TMS @ 1/27/2009 1:05 PM
http://www.nypost.com/seven/01272009/spo...
BOWA: TEAMMATE SHOTS AT ALEX ALL IN FUN
By MARK HALE
PAL JOEY: Joe Torre (left) and Alex Rodriguez are buddy-buddy in spring training in 2007 - though Torre's new book seems to paint a picture of an un popular A-Rod.
PAL JOEY: Joe Torre (left) and Alex Rodriguez are buddy-buddy in spring training in 2007 - though Torre's new book seems to paint a picture of an un popular A-Rod.
Last updated: 9:26 am
January 27, 2009
Posted: 1:44 am
January 27, 2009
Alex Rodriguez may have been referred to as "A-Fraud," but it was in jest, says former Yankee coach Larry Bowa.
In Joe Torre's latest book, "The Yankee Years," it's reported that Yankee players referred to A-Rod as "A-Fraud."
But yesterday, Bowa - Torre's third-base coach with the Dodgers who filled the same role with the Yankees New York Yankees in 2006-07 - told The Post that former Yankee bullpen catcher and batting-practice pitcher Mike Borzello, a good friend of A-Rod, used to joke around with the star player by sometimes referring to him as "A-Fraud."
Bowa, though, was adamant that it was always done as a joke, simply from one of A-Rod's friends. Never, Bowa said, was it done with malice.
"I have never heard players say it," Bowa said.
"When Alex walked in, [Borzello would] go, 'What do you got today?' "
If Rodriguez felt good, he was referred to as A-Rod. If not, it might be A-Fraud, Bowa said.
He added it might even depend on the opponent - that if, say, Toronto's Roy Halladay was on the mound, the joke might have been, "We might have a little A-Fraud today."
"It wasn't a malicious thing," Bowa stressed. "It was when you stretch and guys joke around with each other. It wasn't malicious at all."
On a conference call yesterday, Yankee pitcher Andy Pettitte said he didn't hear players referring to Rodriguez as "A-Fraud," either. In fact, the veteran lefty said, he had "never one time heard of the term 'A-Fraud' until I saw it rolling on the TV" once news broke about Torre's book.
"I have not heard one word and have never heard that term used before, and Alex is a very good friend of mine," Pettitte said.
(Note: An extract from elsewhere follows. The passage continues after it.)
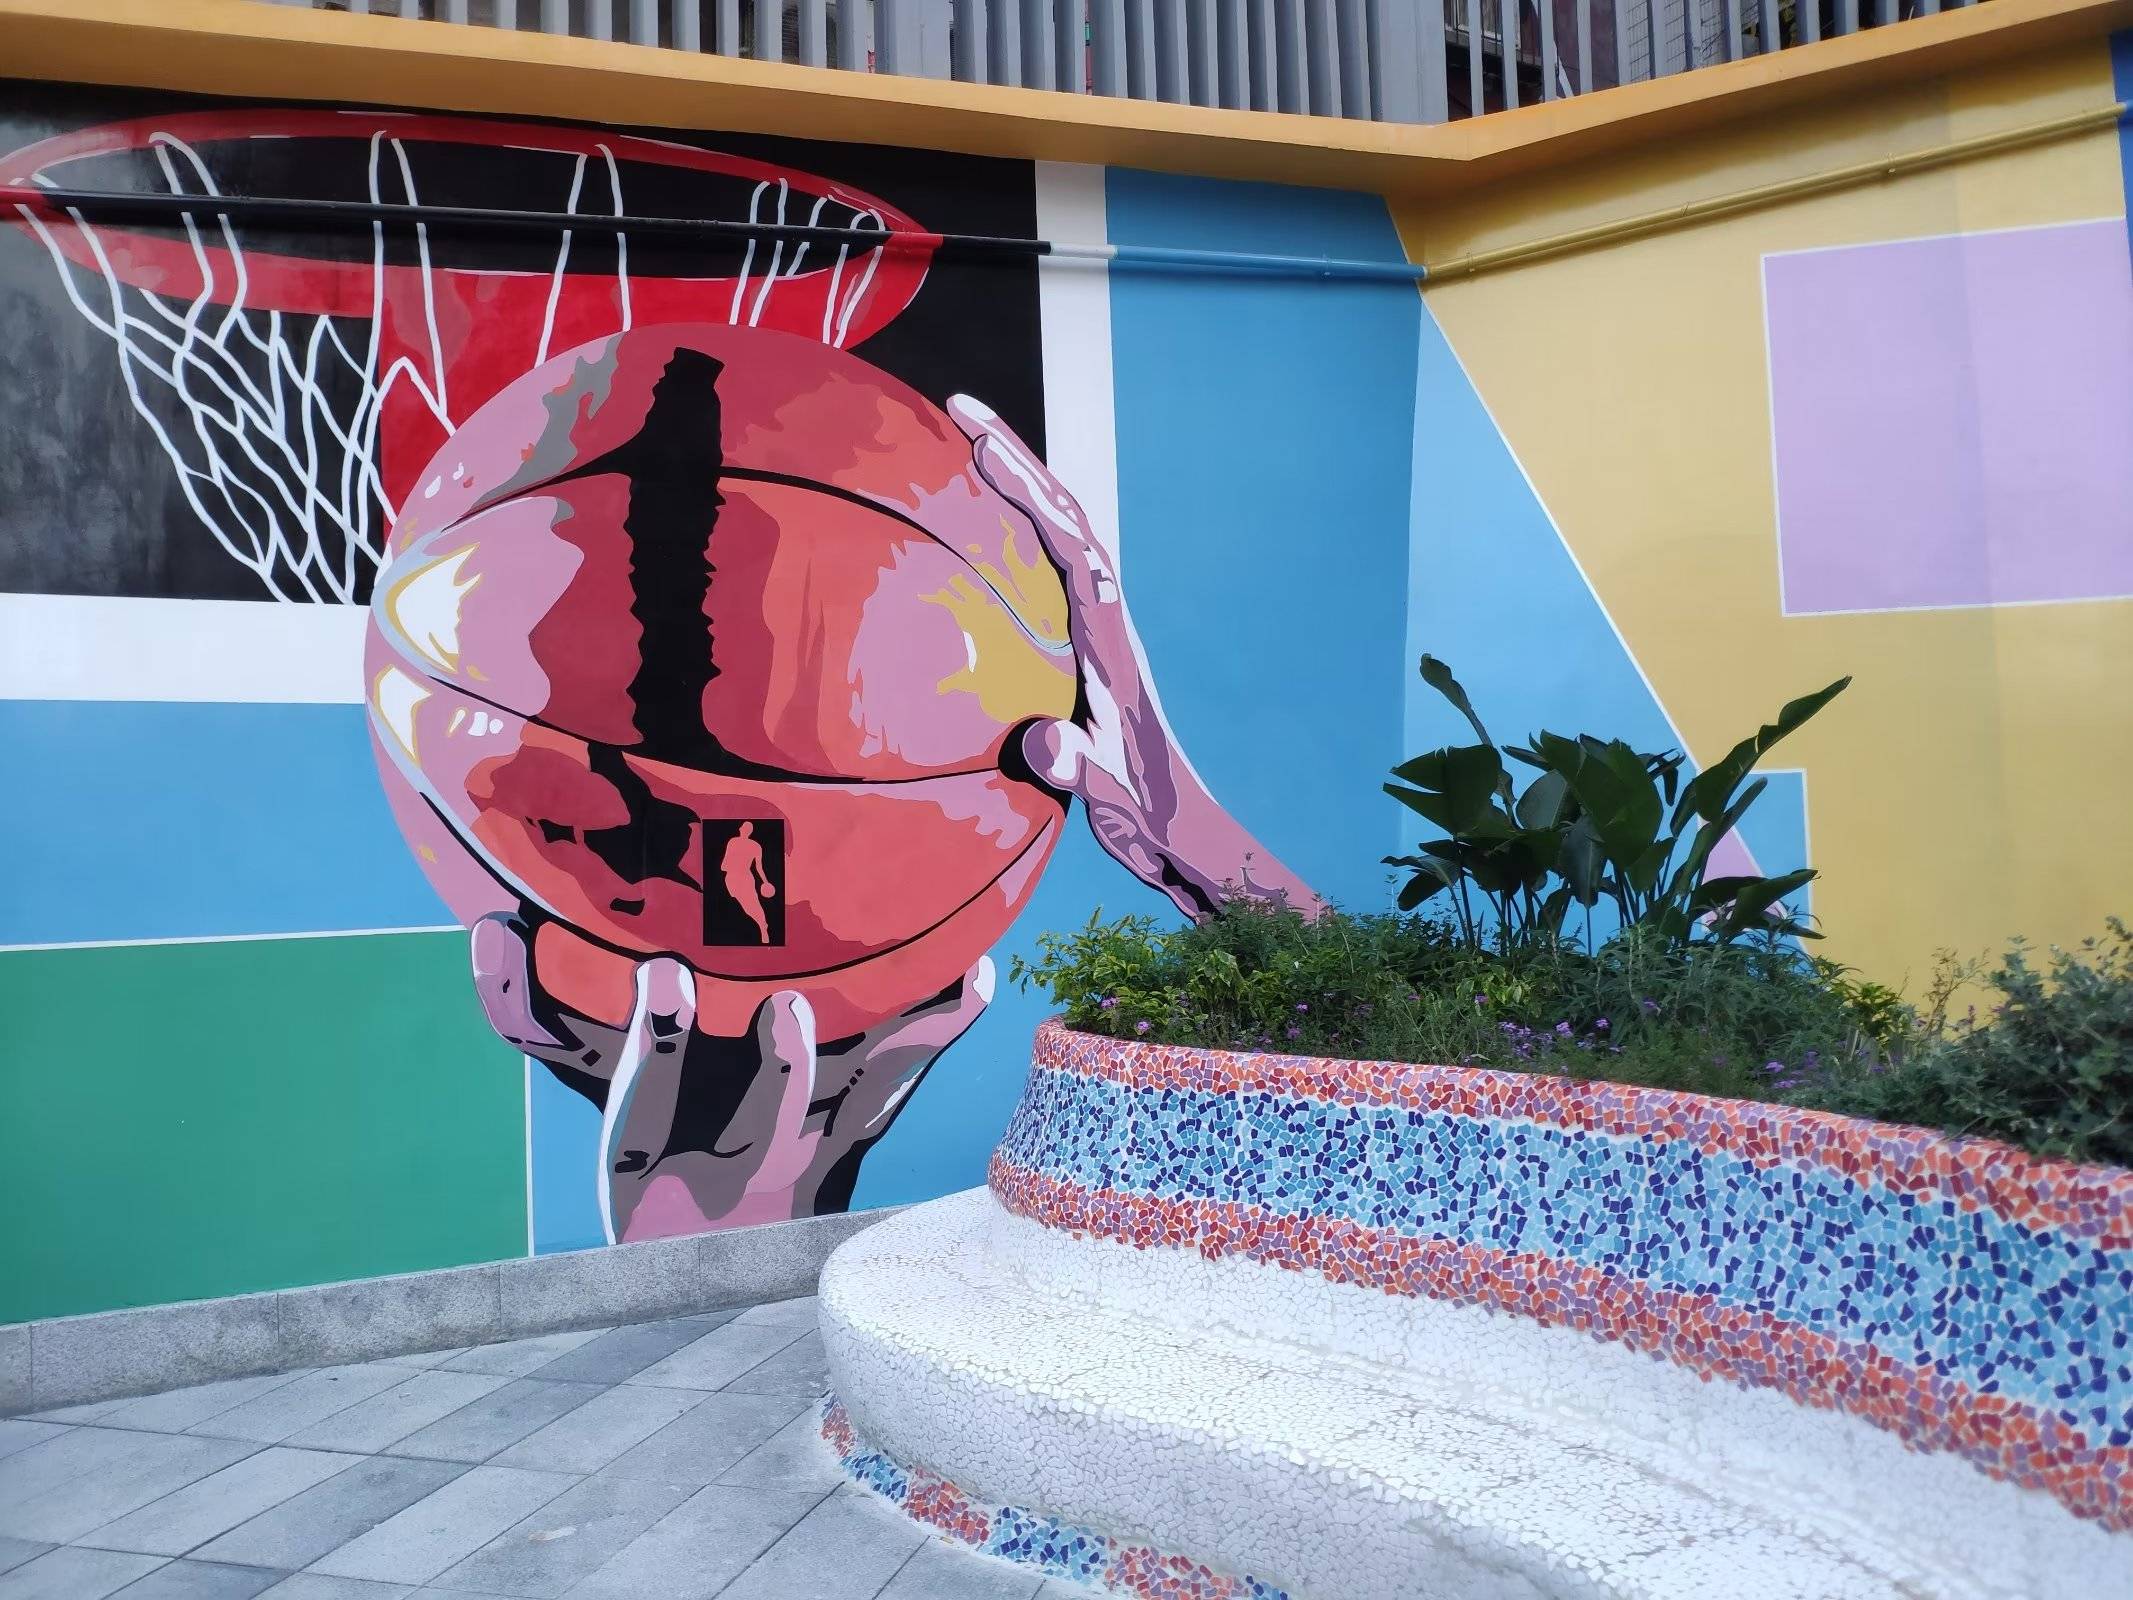 重庆:高颜值口袋公园 边角地改造成彩绘篮球主题游园

Added Johnny Damon yesterday, "We never called him that, not us."
Rodriguez's agent, Scott Boras, declined comment.
GM Brian Cashman speculated that perhaps this latest A-Rod situation could help things, rather than hurt them.
"I think we've gone through so much of the Alex stuff that, if anything, maybe this brings people closer together," he said on a conference call.
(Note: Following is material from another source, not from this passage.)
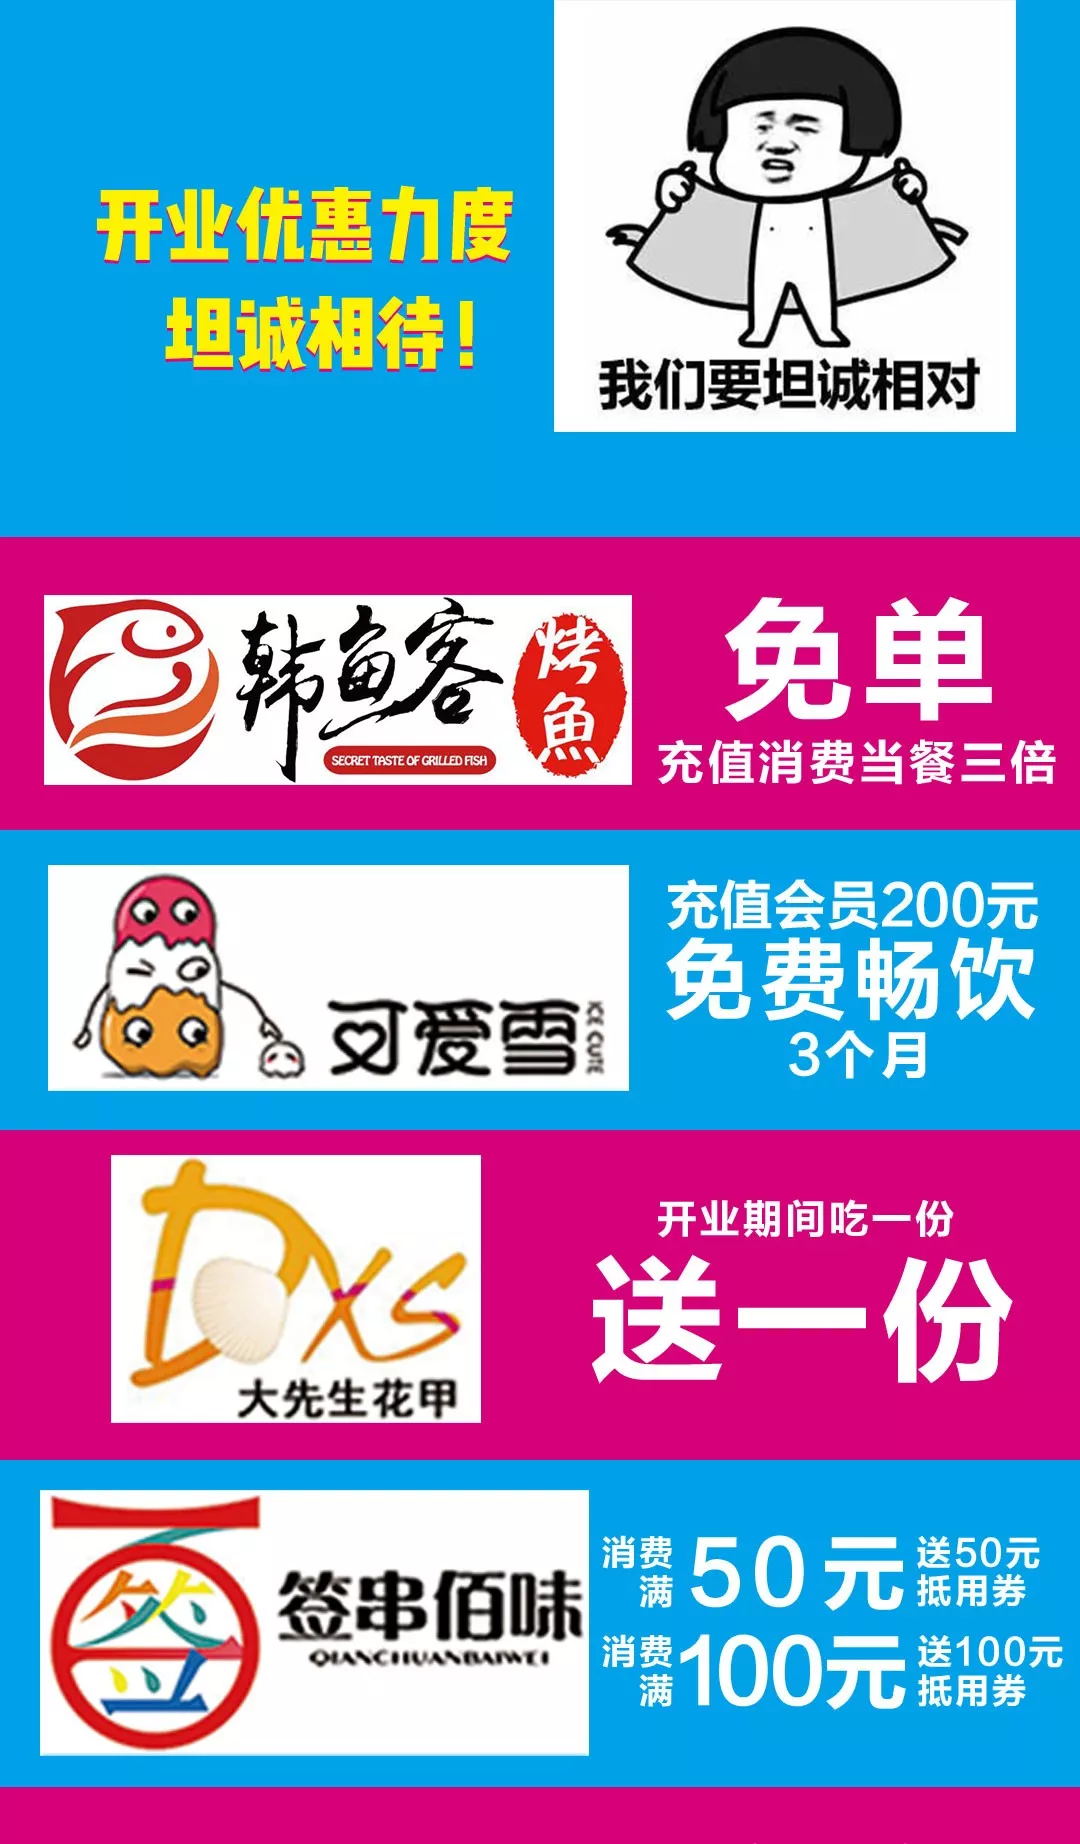 15_看图王.web.jpg

Cashman also said that when Pettitte, Mariano Rivera and Rodriguez all were free agents two offseasons ago, both Rivera and Pettitte told Cashman, "We need Alex."
"That was not asked for," Cashman said. "It was offered up. There's always going to be some controversy that surrounds this club, and the best thing to deal with it is [to] rally around each other the best you can if there's real feelings there."
Cashman also reiterated what he said on Sunday at the Baseball Writers' Association of America Dinner in Manhattan, after the GM had received a call from Torre on Sunday from Hawaii.
"I don't know what's coming out in this book, and I'm sure there are aspects that I might not necessarily agree with," Cashman said. "But I can just tell you I'm thankful for the time that Joe was here.
"I'm comfortable with my relationship and how we interacted throughout the entire process. And I appreciated his call from Hawaii, where he called me to lead me to believe that our relationship is strong. But I had not seen what is in this book, and I'll just leave it at that."